I have 6 ND goats. 3 does and 3 wethers. Dry does. I dont breed. They are currently being fed orchard grass/alfalfa mix hay, free choice goat mineral and free choice alfalfa pellets and NO grain. I have one doe that is thin and she always had been since Ive had her and I feel that shes just a hard keeper. Shes not emaiciated. She could use a few pounds on her. 3 of the goats are overly plump and 2 are just right. All have been wormed with Ivomec about 3 months ago. I am wanting to start putting her on a pelleted feed and add beet pulp and maybe some ground flax seed to add some weight on her.
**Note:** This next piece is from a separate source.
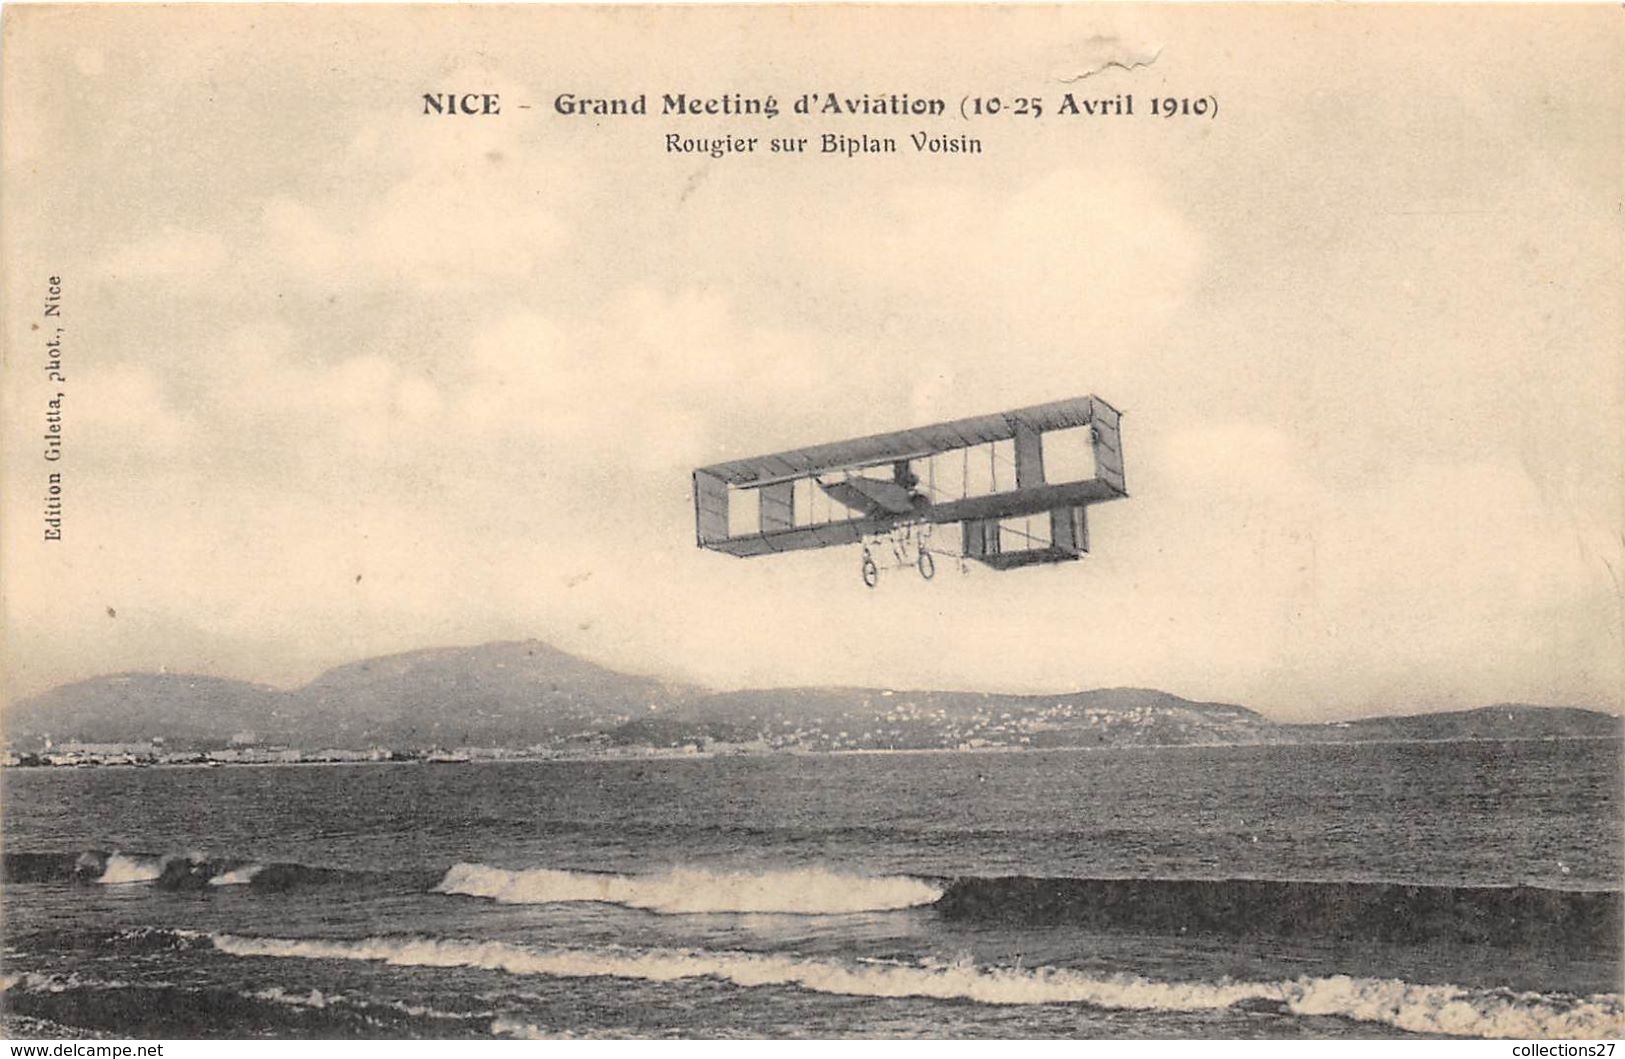 06-NICE- GRAND MEETING D'AVIATION, 10-25 AVRIEL 1910 - ROUGIER SUR BIPLAN VOISIN - Marchés, Fêtes
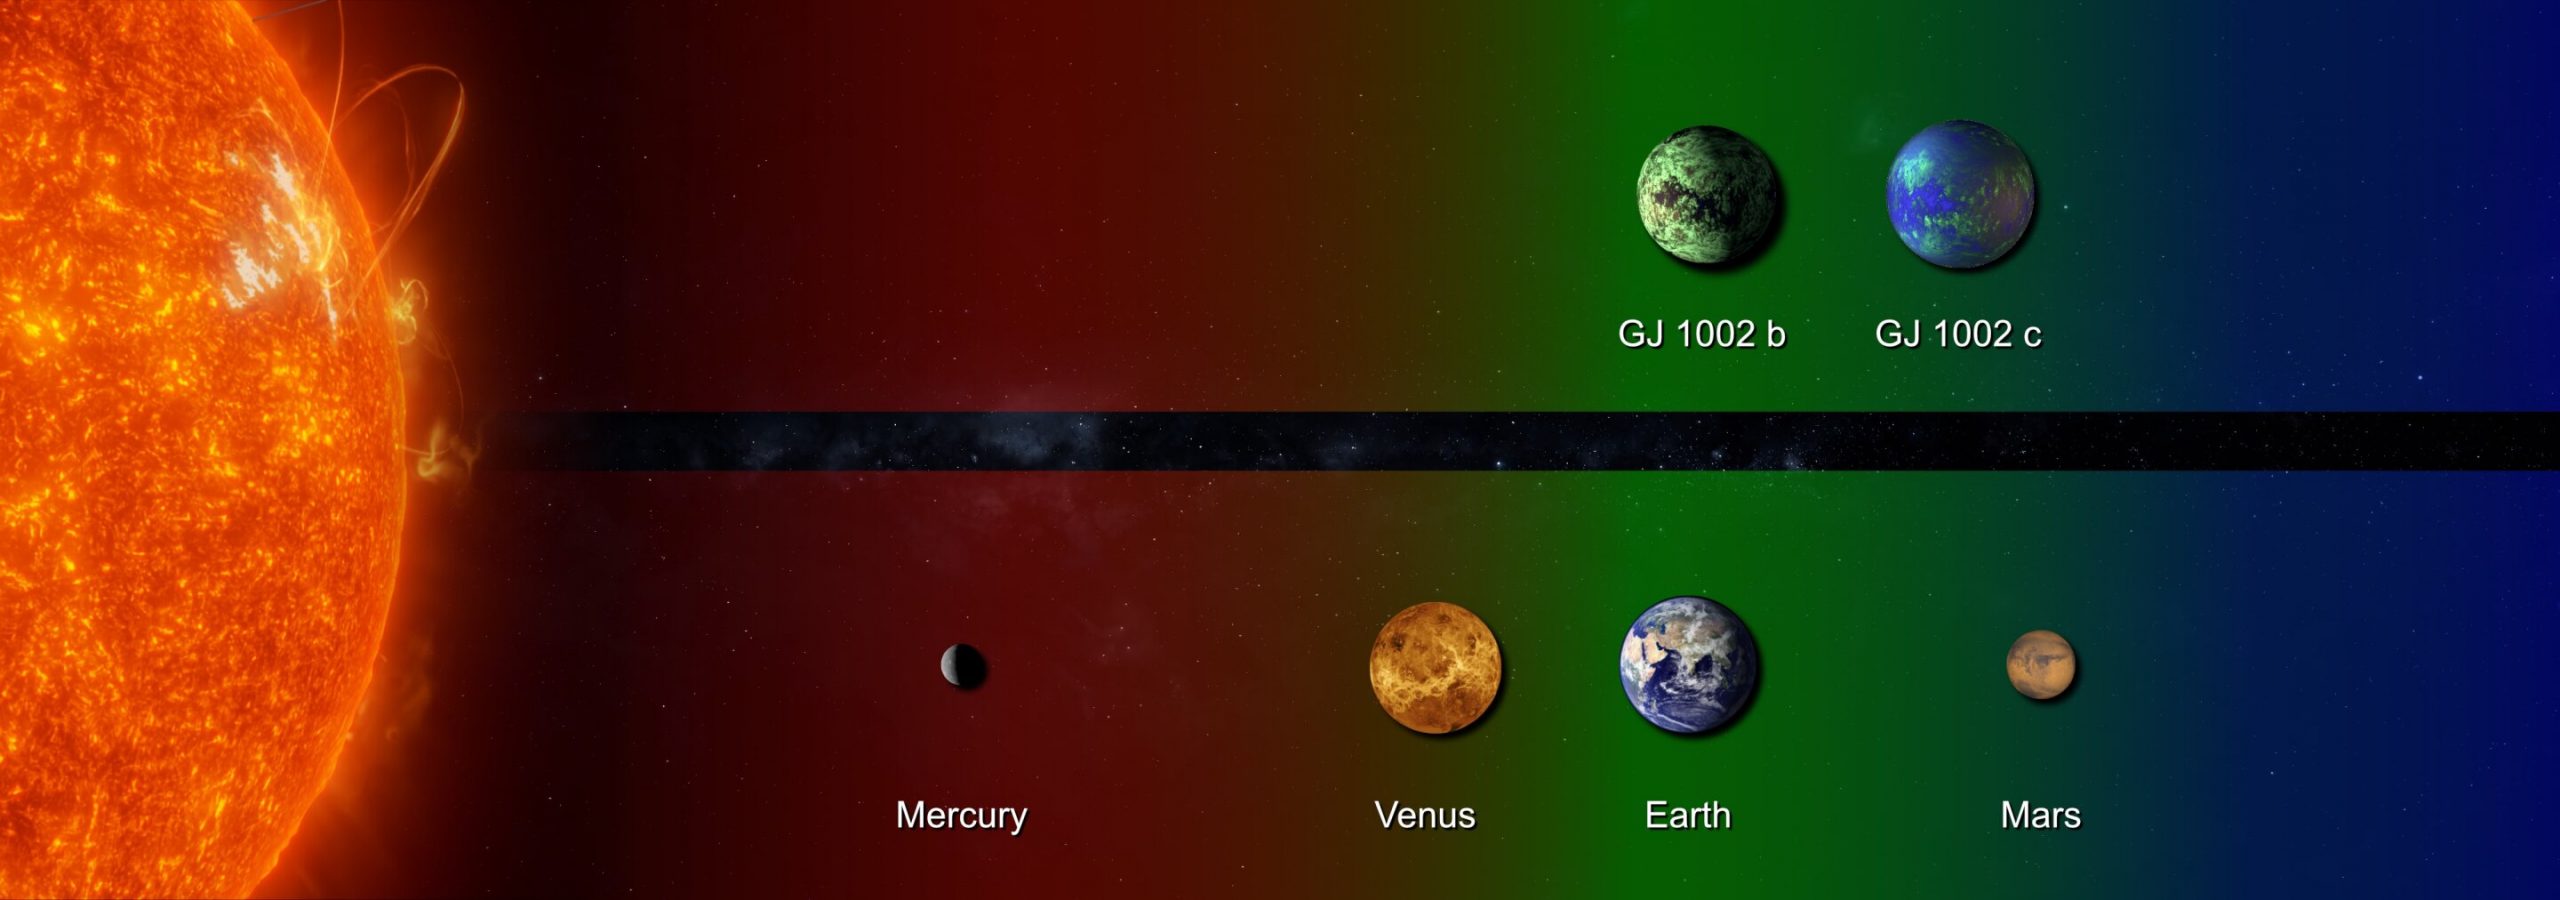 Область, отмеченная зеленым цветом, представляет собой обитаемую зону двух планетарных систем

I prefer a pelleted goat feed and the only thing available near us is at our local TSC which is their Dumor pelleted or Purina Noble Goat. I would like some feedback on either of these feeds and maybe some ideas on how to condition this doe. 
Here is a pic of the doe http://img.photobucket.com/albums/v438/ ... agoat4.jpg
Thanks in advance!
Tori


----------



## StaceyRosado (Oct 5, 2007)

I hear dumor is good -- Purina makes ok grain too. I havent used either specifically.

Ok so much for the help :hammer:


----------



## RunAround (Feb 17, 2008)

Dumor all the way, Purina can't compare.


----------



## sparks879 (Oct 17, 2007)

i dont like pre mixed grains. I would just add some black oil sunflower seeds.
beth


----------